Младший Большаков воспринял слова матери как приказ и, подхватив со стола чайник, вместе с приятелем отправился на кухню.
– Пообедайте на кухне, а чай пить к нам приходите! – вдогонку сыну крикнула мать и уже тихо призналась Алексею Ивановичу: – Этот Андрюшка, Сергунькин приятель, хороший пацан. Одна беда у парня: мать его в пятьдесят третьем на похоронах Сталина в толпе задавили, а отец с тех самых пор запил. По-чёрному… Посмотрел бы ты на него: облик человеческий совсем потерял… У них оттого и на горбушку хлеба порой рубля не хватает. Так мы Анд рюху слегка подкармливаем, чтобы он, значит… Богомолов!.. Ты слышишь, что я тебе говорю?

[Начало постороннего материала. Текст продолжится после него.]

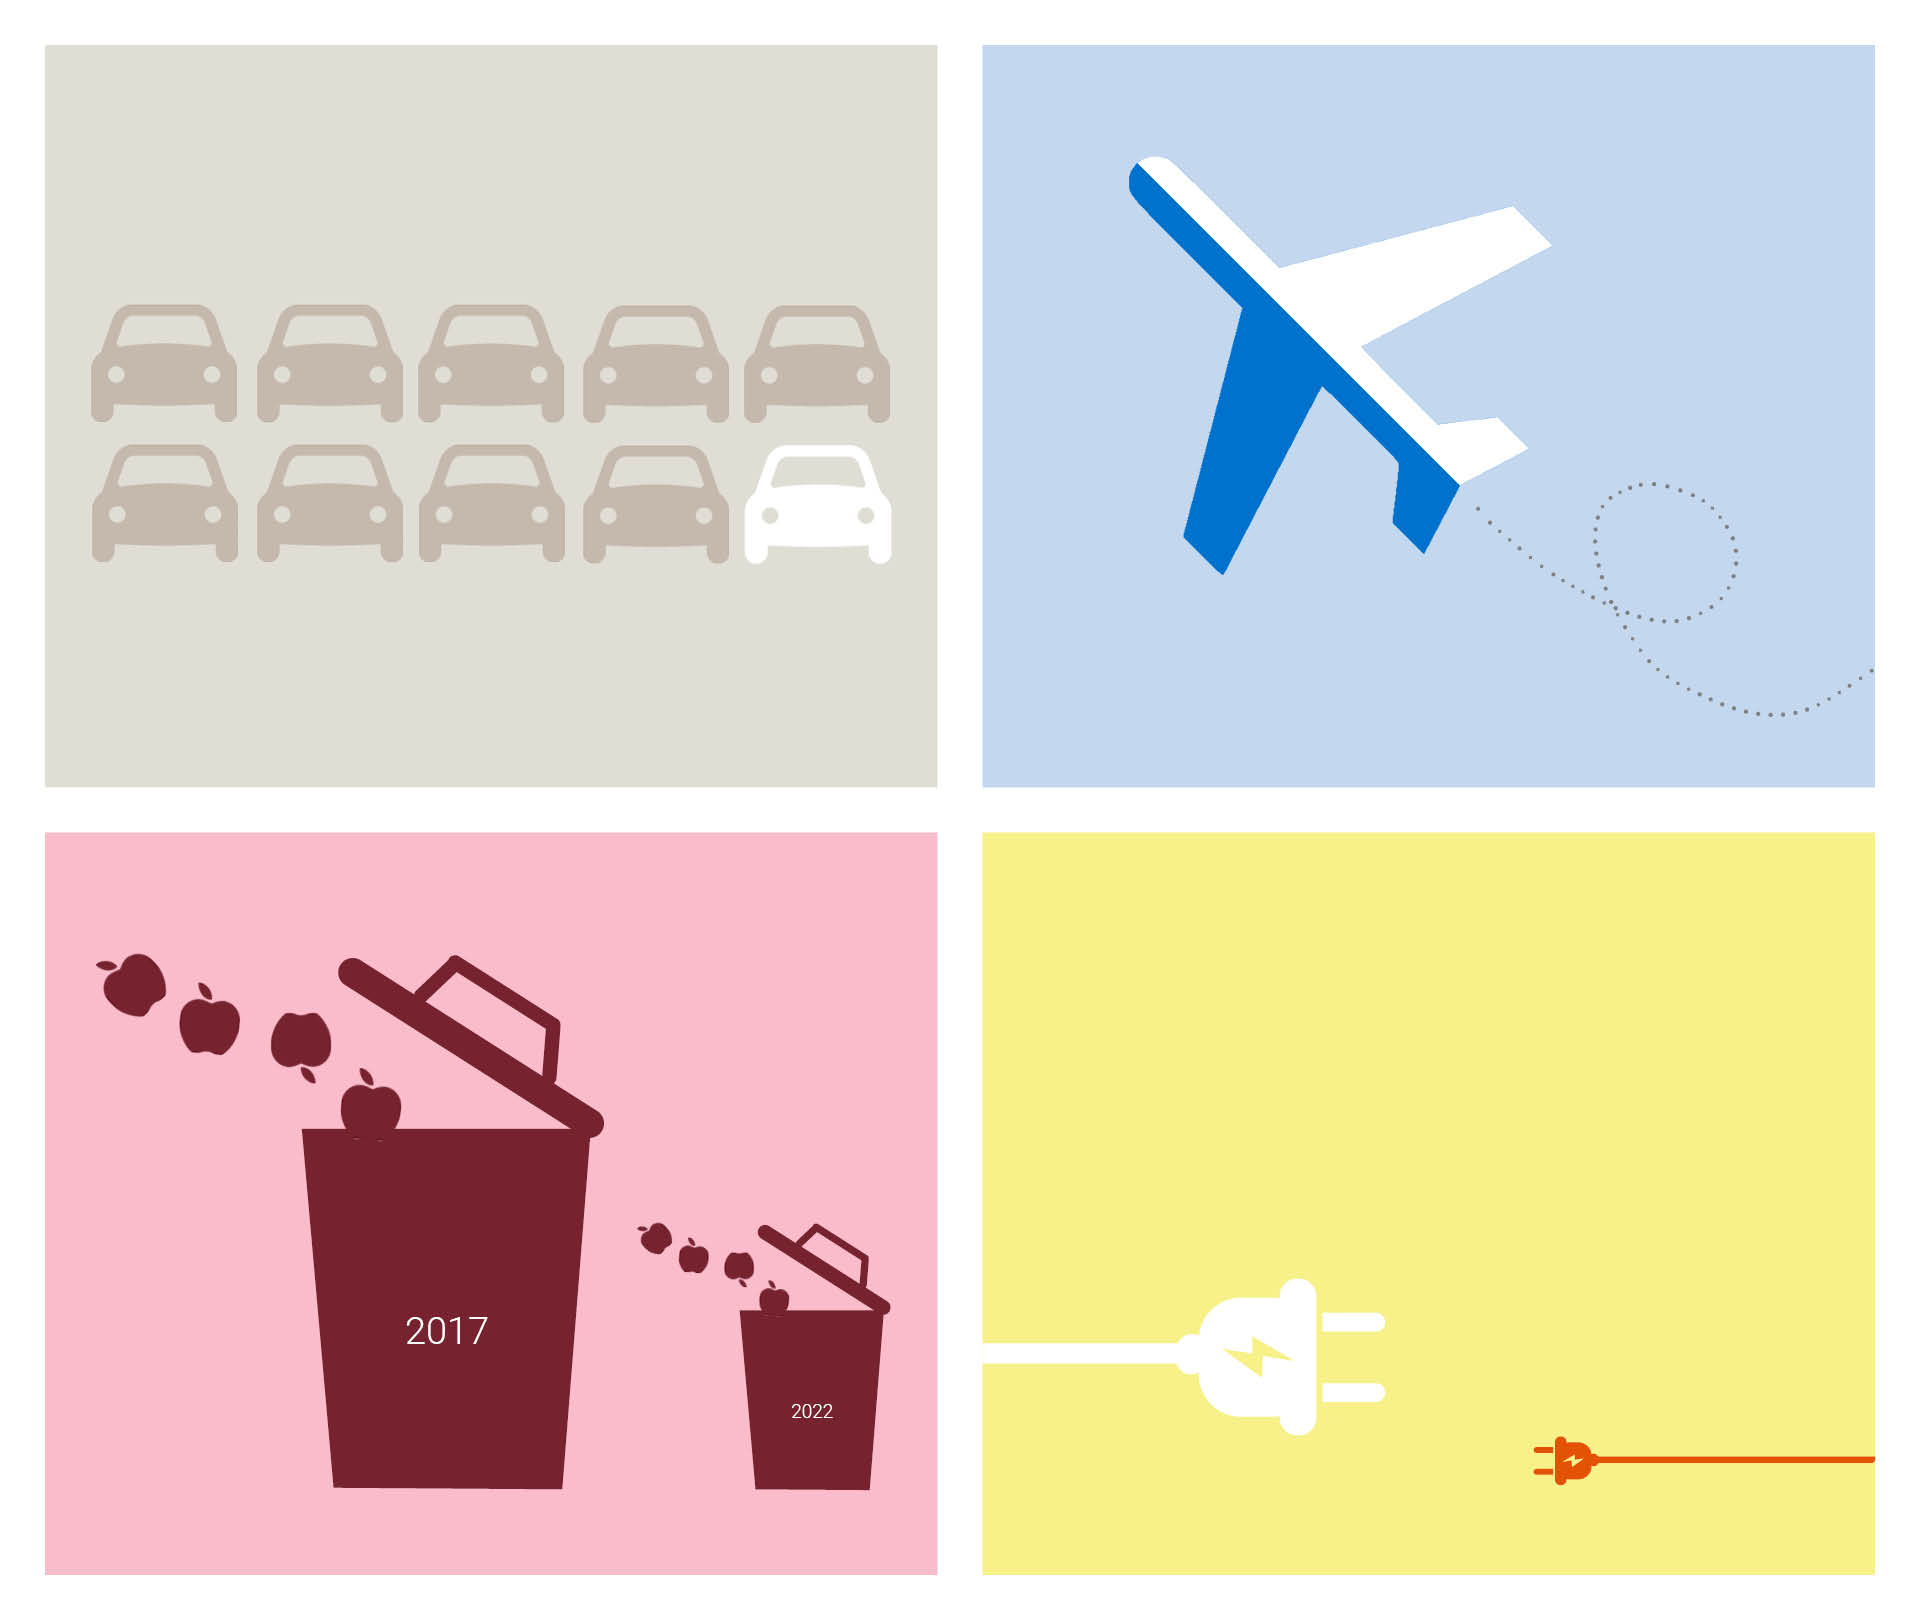 Illustrationer som föreställer bilar, flyg, återvinningskärl och elkontakter. Illustrationerna visar att utsläppen blivit mindre sedan 2017 genom att illustrationerna har olika storlek och färg.

– Наташа!.. Мог ли я подумать… Я никак… Никогда… Я не ждал!.. Дорогая моя!.. – Алексей не сумел сдержаться и рукавом стал вытирать ползущие по щекам слёзы.
– Что это с тобой, Богомолов? – удивилась Наталья… И вдруг поняла. – Ты что?!.. Ты решил… Да неужто ты подумал, что Сергуня?!.. – от переполнявшего её возмущения Наталья даже задохнулась и не сумела договорить.
– Не надо лукавить, Наташа… Я не маленький и понимаю… Я всё, всё, всё понимаю!.. Все сроки сходятся… Скажешь нет?!.. А коли так, то и спорить тут не о чем!.. Потому что я ни за что не поверю, будто в апреле сорок четвёртого я у тебя был не один!.. Но главное, всё-таки не это… Главное, милая моя… Серёжка – вылитый я в тринадцать лет!.. То есть абсолютно!.. Жаль, фотографии с собой нет, а то бы я тебе показал!.. А впрочем… Тут и показывать ничего не надо, и без фотокарточки всё яснее ясного!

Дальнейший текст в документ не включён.